Editor, The News:
Re: Pitt teacher caught with pornography on laptop (The News, Nov. 1)
I found your article about a Pitt Meadows secondary teacher being caught with pornography on his school-issued laptop disturbing, for several reasons.
Firstly, the teacher is a member of our small community and he was named personally. One look at the comments section of the online article and one finds his current and former students commenting on the situation, meaning that this teacher will have to live and work with a tainted reputation for several years to come.
Teenagers are hard enough to work with in the best of circumstances, and this article has only made that situation worse.
Furthermore, if this man is married or has children in the community, they would have to live with the consequences of this very public article, and they would have done nothing to deserve that.
Secondly, the issue has been dealt with by the school district and the union. The teacher has served a three-week suspension without pay and been put in a treatment program for alcoholism.
It seemed to me that this very public outing of a man’s professional conduct and treatment was beyond unnecessary, bordering on harassment, as it had been previously addressed by his employer.
Should we publicly decry the professional misconduct of all professions that come into contact with our children? Shop keepers? Journalists? Where should it end?
Thirdly, the description of his interactions with students (involving himself in personal affairs and participating in gossip) sounds like an honest attempt at a teacher who is trying to establish a working relationship with a large group of teenagers. This is a process that is never easy and can sometimes require one to be personal and (sometimes painfully) humorous.

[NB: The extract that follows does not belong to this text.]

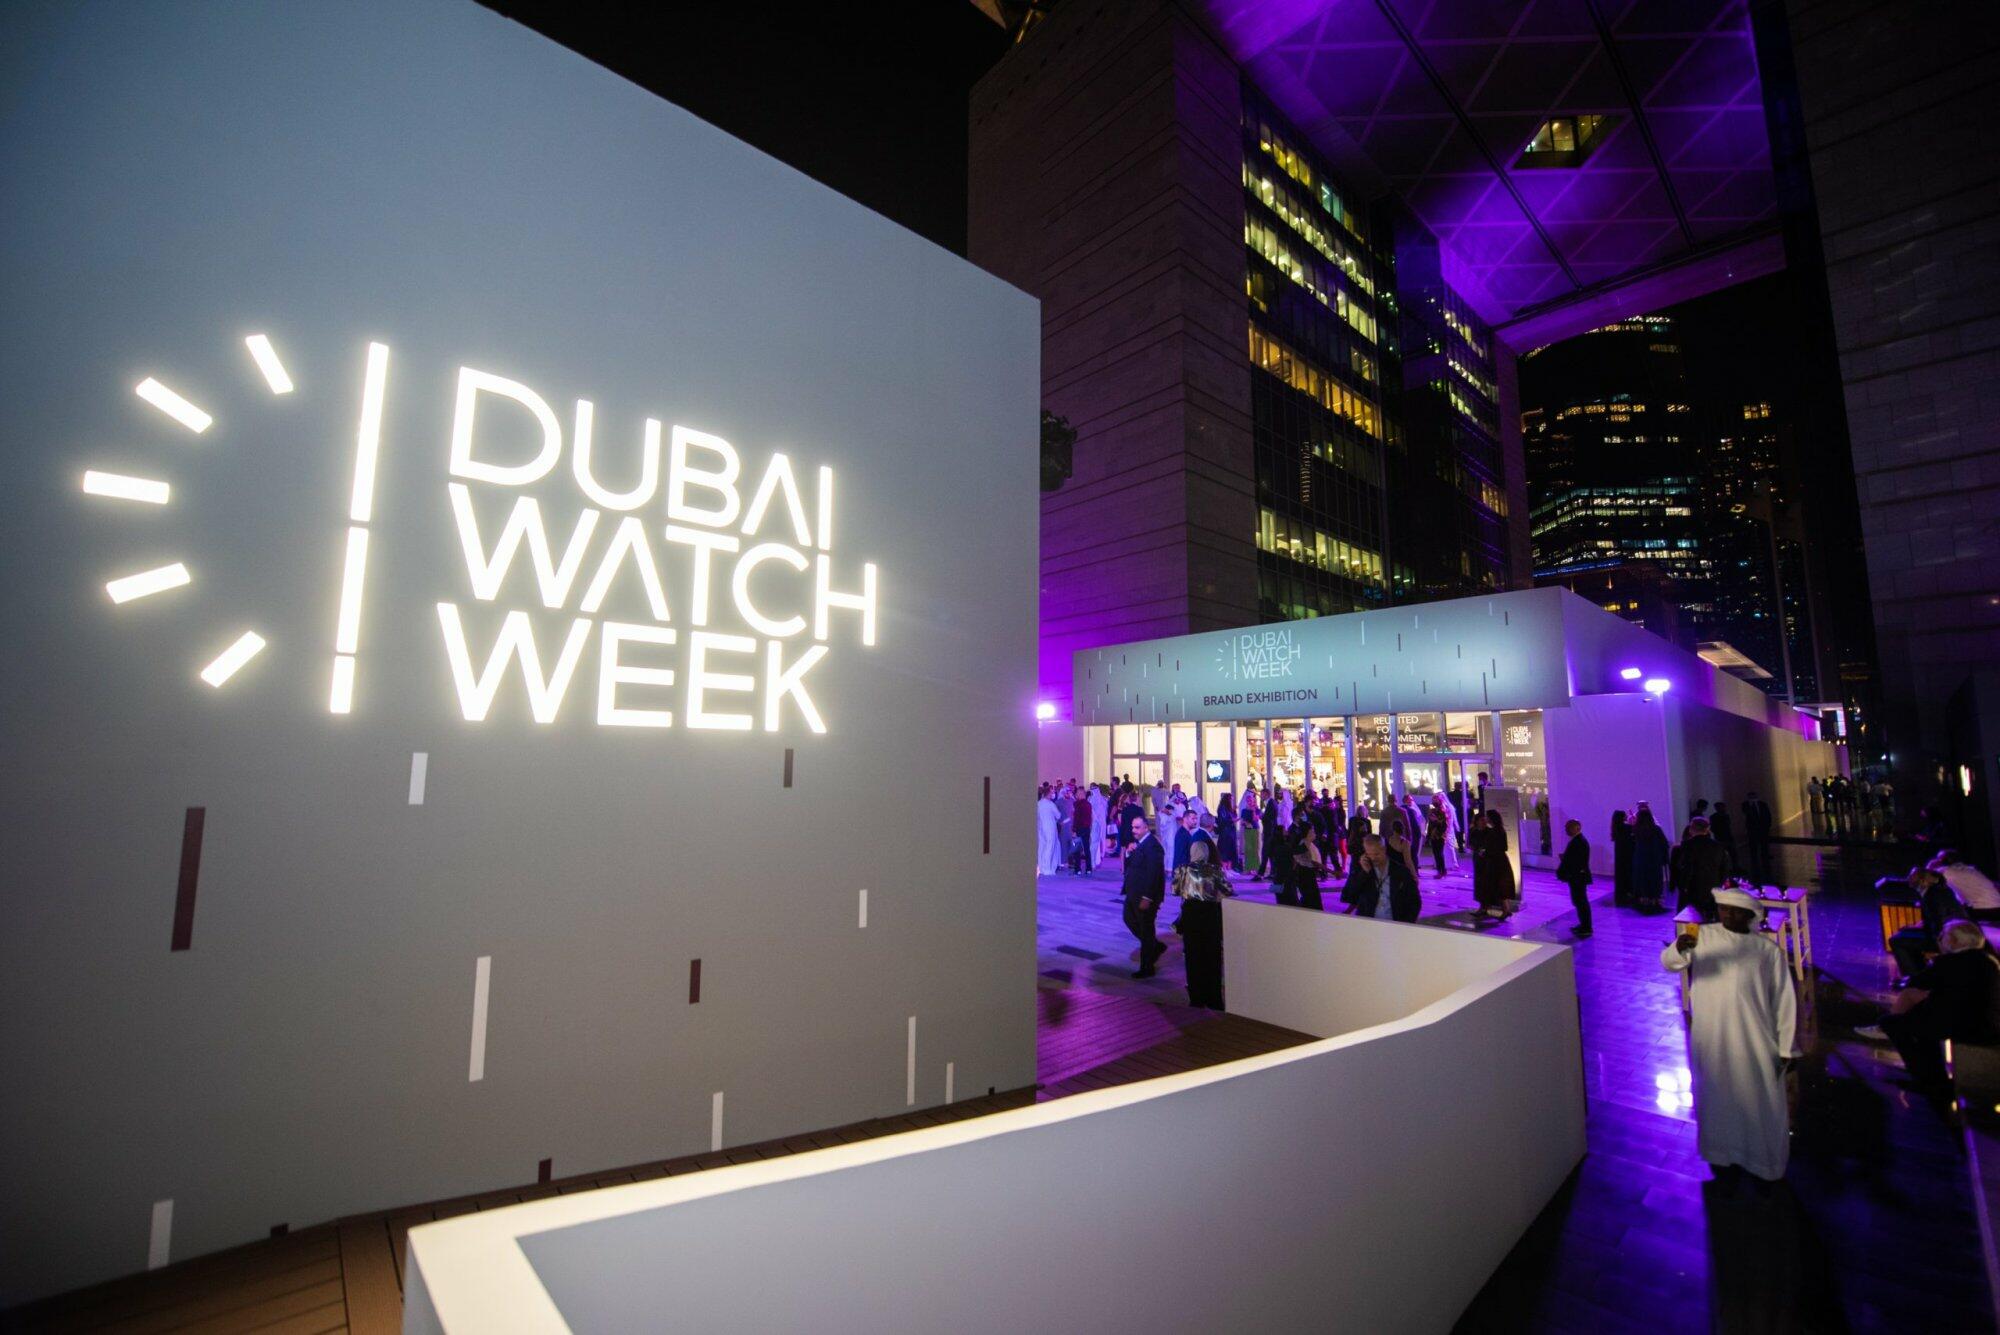 Dubai Watch Week – A watch lover’s paradise

In fact, if one reads to the very end of the article, one finds a statement from the Maple Ridge Teacher’s Association saying that the problem has been dealt with.
So, I was left with the question, “What is the point of this article”?

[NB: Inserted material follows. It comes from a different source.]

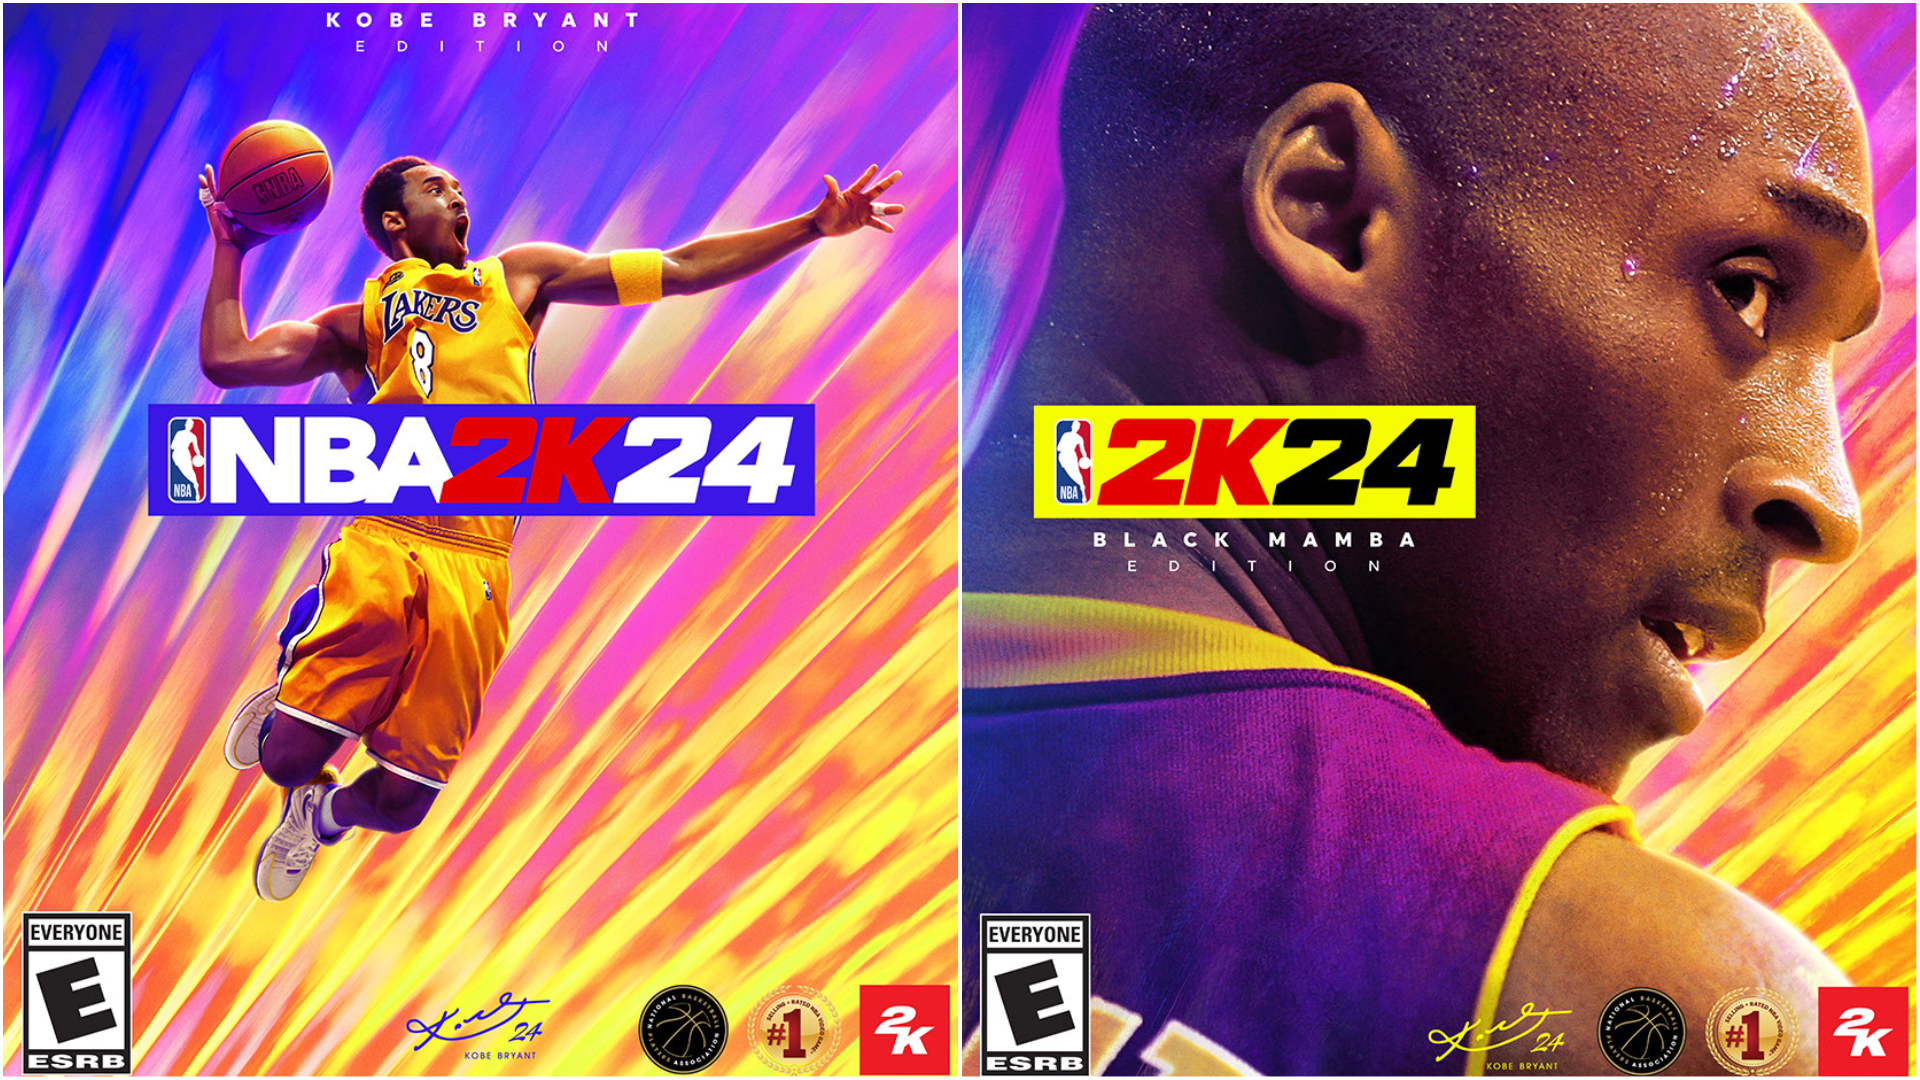 NBA 2K24 Kobe Bryant and Black Mamba Edition Covers Revealed

My only answer was that this was to publicly shame a teacher and humiliate his family.
After all, the school district stated in the article that it takes the best interests of students seriously and that it does everything in its power to ensure their safety. So the safety of students is clearly not served by publishing this piece.
It is this kind of journalism that will make it more difficult for us to find good teachers in the years to come.

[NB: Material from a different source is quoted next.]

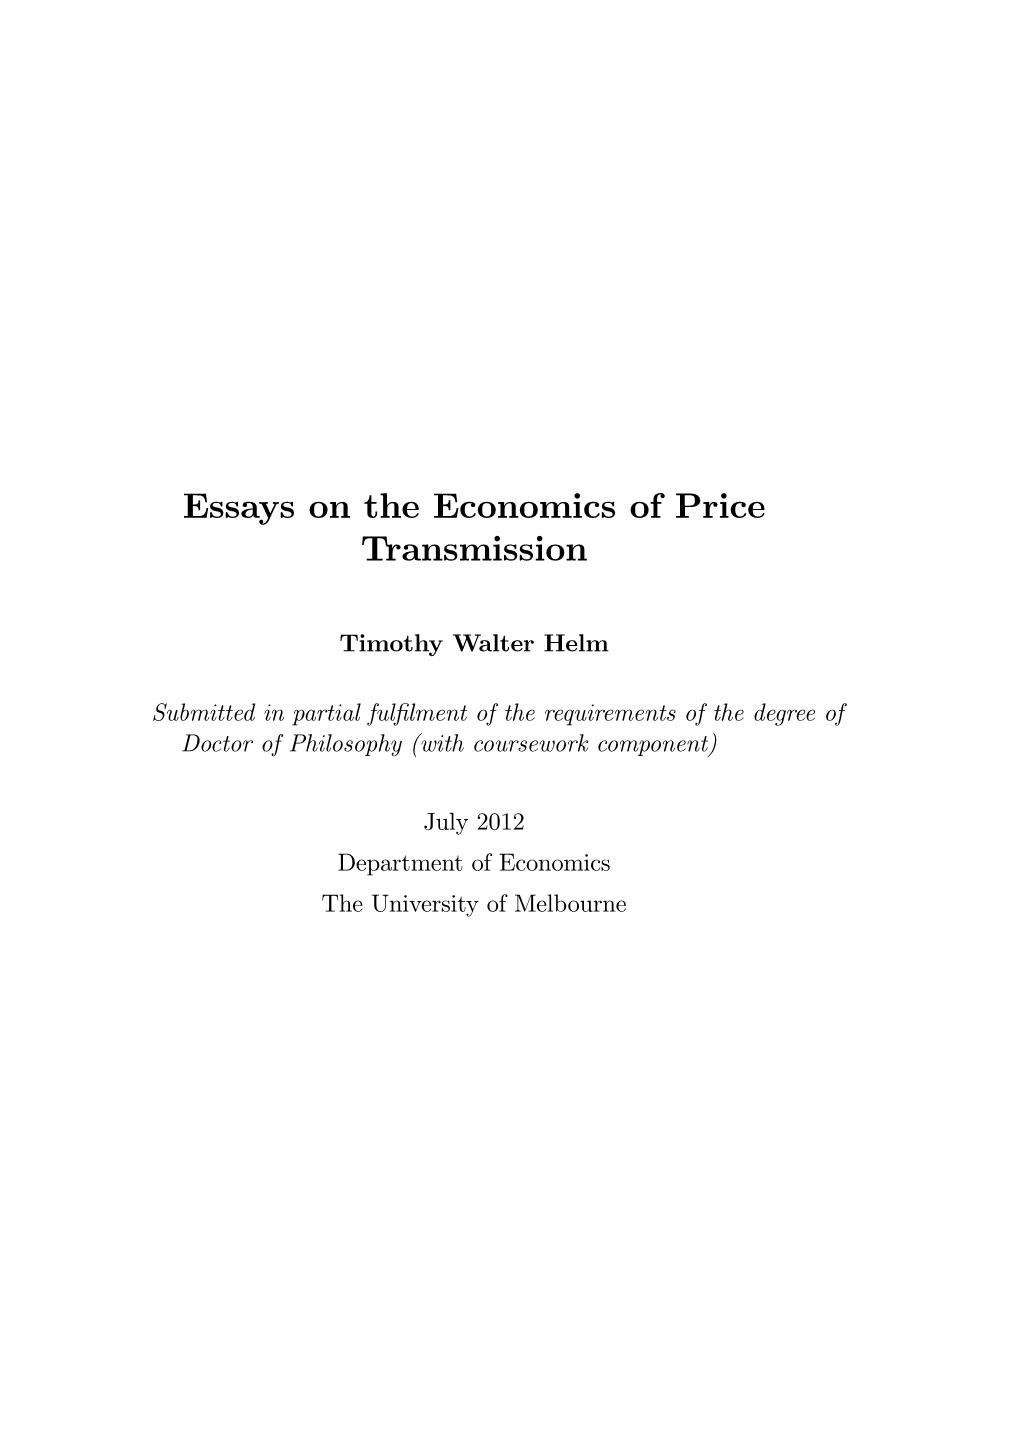 Essays on the Economics of Price Transmission

As more teachers retire, what kind of person will want to enter a career where they have to put up with the difficulties of managing a classroom while at the same time facing public criticism from news outlets such as yours?
In what has become the most precarious of professions (with personal and professional reputation on the line with seemingly every interaction between teacher and student), I find that this article serves only to scare away future teachers and hurt the reputations of the teacher mentioned in the article and his family.
In my opinion, that is not journalism, but rather gossip that ought not be published.